Стефани не обернулась.
— Мне страшно.
— Мне тоже.
В комнате повисли невысказанные слова и вопросы. Радость, охватившая их в первые минуты встречи, постепенно перешла в душевное смятение.
Но ни та, ни другая были не в силах произнести это вслух.
Сабрина налила кипяток в фарфоровый чайник с красным узором.
— Пакетики с чаем, — пробормотала она. Стефани открыла буфет, достала их целую горсть, потом сняла с верхней полки две кружки в бело-красных тонах, в тон чайнику для заварки.
— Ах, как все это странно! — воскликнула Сабрина. Сквозь внезапно навернувшиеся на глаза слезы она глядела на ярко расписанные кружки. — Мы теперь вместе… нам ничего не нужно бояться, нам бы сейчас только радоваться…
Но сейчас, после долгой разлуки, их слишком многое тяготило: они увязли в трясине того, что сами же придумали год назад.
Сев за стол, они крепко сжали руки и придвинулись друг к другу, почти соприкасаясь головами.
— Расскажи, что с тобой произошло, — попросила Сабрина. — Где ты была в то время, когда ничего не могла вспомнить?
— В больнице, в Марселе. Когда я очнулась, рядом был Макс, а я не знала, кто я такая. Но я не хочу говорить о…
— Тогда тебе и показалось, что кругом одна пустота. Словно туман.
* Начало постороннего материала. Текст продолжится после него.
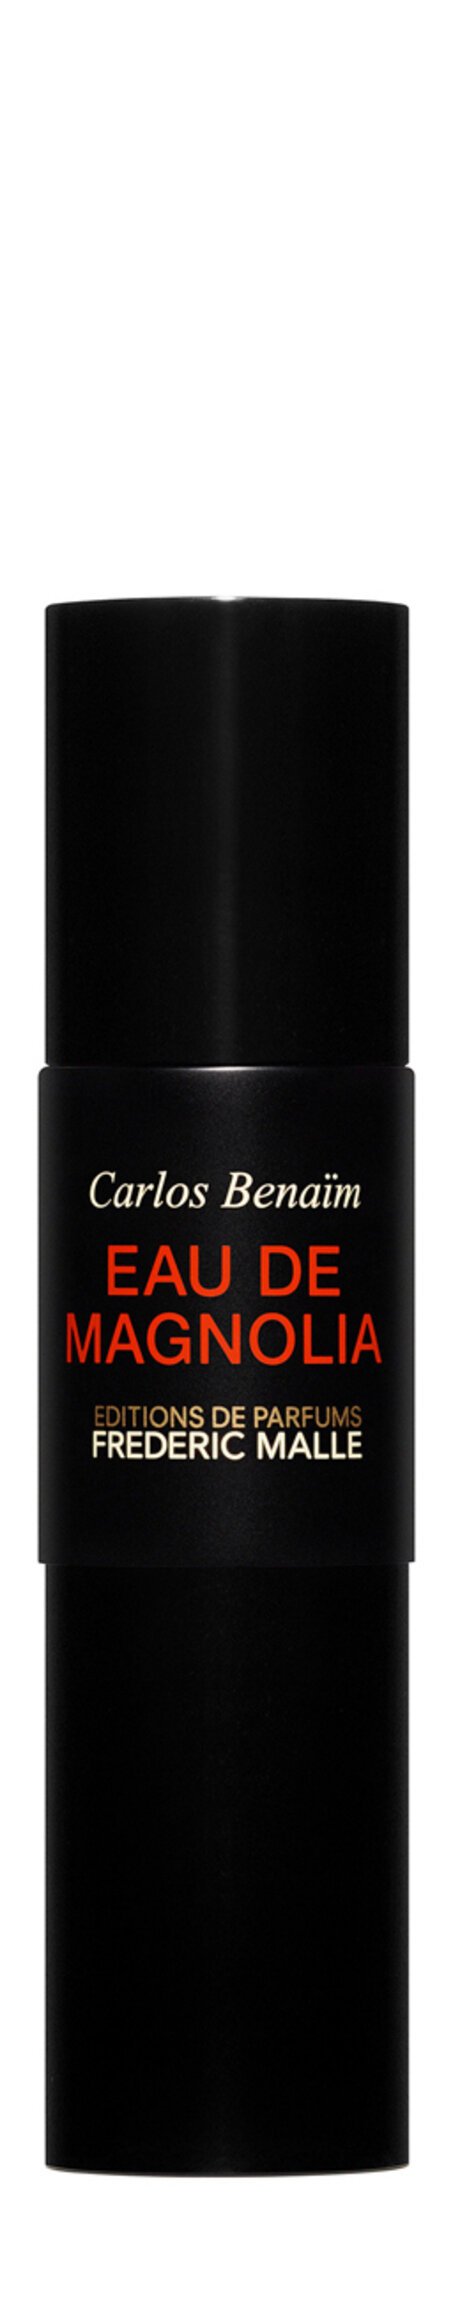 Frederic Malle Eau de Magnolia Eau De Parfum

Такое же ощущение было и у меня, когда я думала о тебе. Мне казалось, что ты пропала в тумане, в облаке, в пустоте, в каком-то бесконечном пространстве.
— Да, да, вот именно! Все звуки были какими-то приглушенными, и мне было так
— Да, даже потом, — пробормотала Сабрина.
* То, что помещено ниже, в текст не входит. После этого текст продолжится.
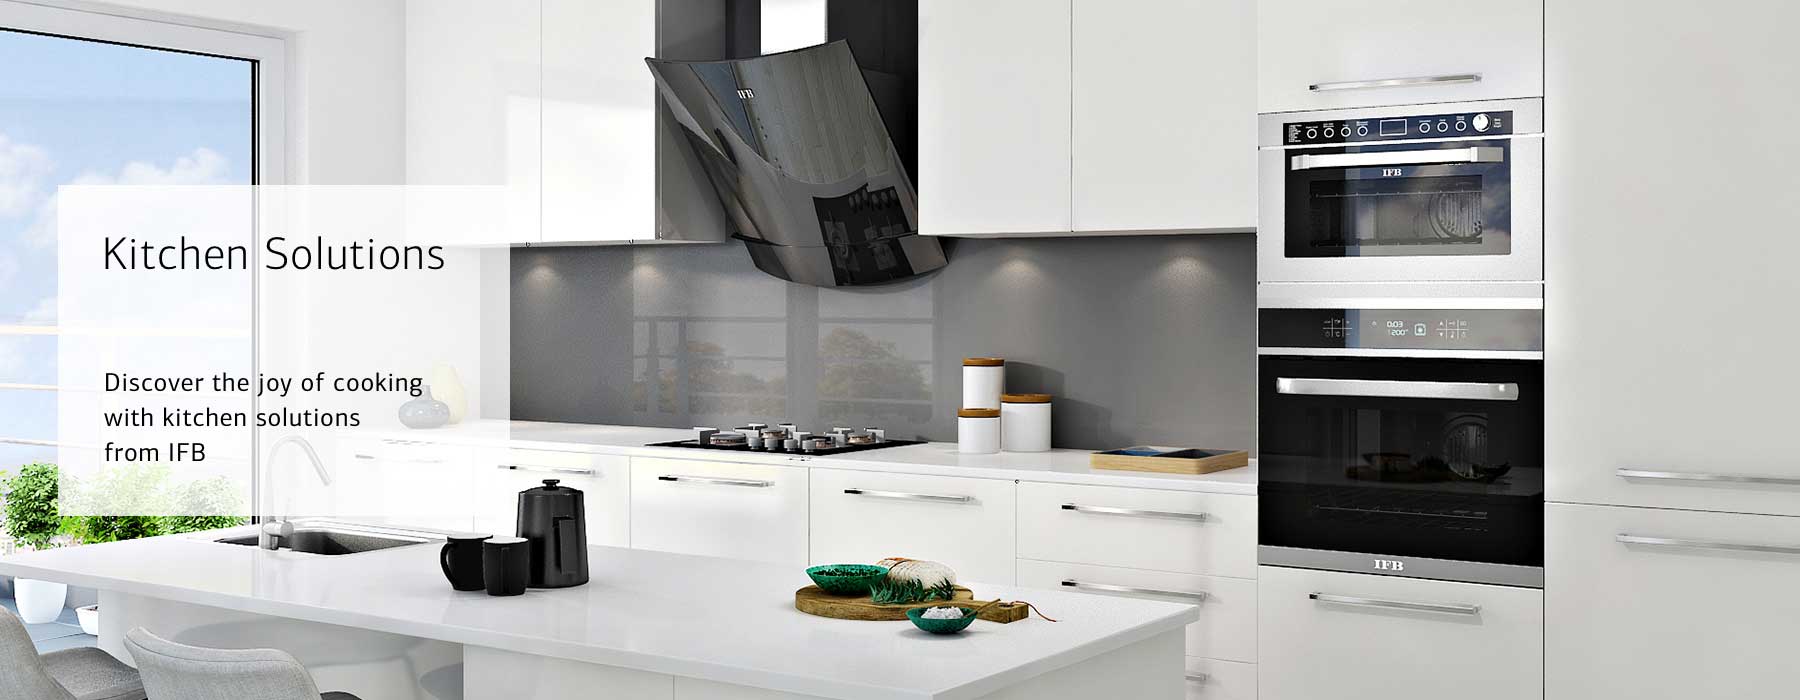 modular_kitchen_wardrobe_website_design

— Ты понимаешь. Конечно, понимаешь. Ты всегда все понимаешь. А что ты делала? Сабрина, я не хочу, чтобы у нас разговор шел только обо мне. Я хочу, чтобы ты мне рассказала про мою семью, что ты делала, где бывала…
— Я потом тебе все расскажу. Я хочу, чтобы ты рассказала мне про себя, про Леона, про магазин, в котором работала, и про все остальное. Про все — с начала и до конца.
— Нет! — Она вырвала свою руку из руки Сабрины. — Мне нужно все знать про своих детей! Как ты им обо всем рассказала? Они меня ненавидят? Они решили, что меня больше нет в живых! Решили, что я бросила их, а потом погибла…
— Так решил Гарт.
— Да, но…
— Что?
— Ему, наверное, было все равно. У нас с ним жизнь не ладилась… наверняка ты сама сразу разобралась, что к чему. Я побоялась сказать тебе об этом в Гонконге. Побоялась потому, что подумала: ты раздумаешь и не станешь меняться со мной местами, если узнаешь. Наверное, это было видно невооруженным глазом. Он почти не обращал на меня внимания, а мне хотелось поскорее уехать от него куда-нибудь подальше. А когда ты сломала запястье, и я осталась в Лондоне, то для меня это было громадное облегчение. Мне так не хотелось к нему возвращаться.
Сабрина напряглась всем телом, стараясь унять бившую ее дрожь.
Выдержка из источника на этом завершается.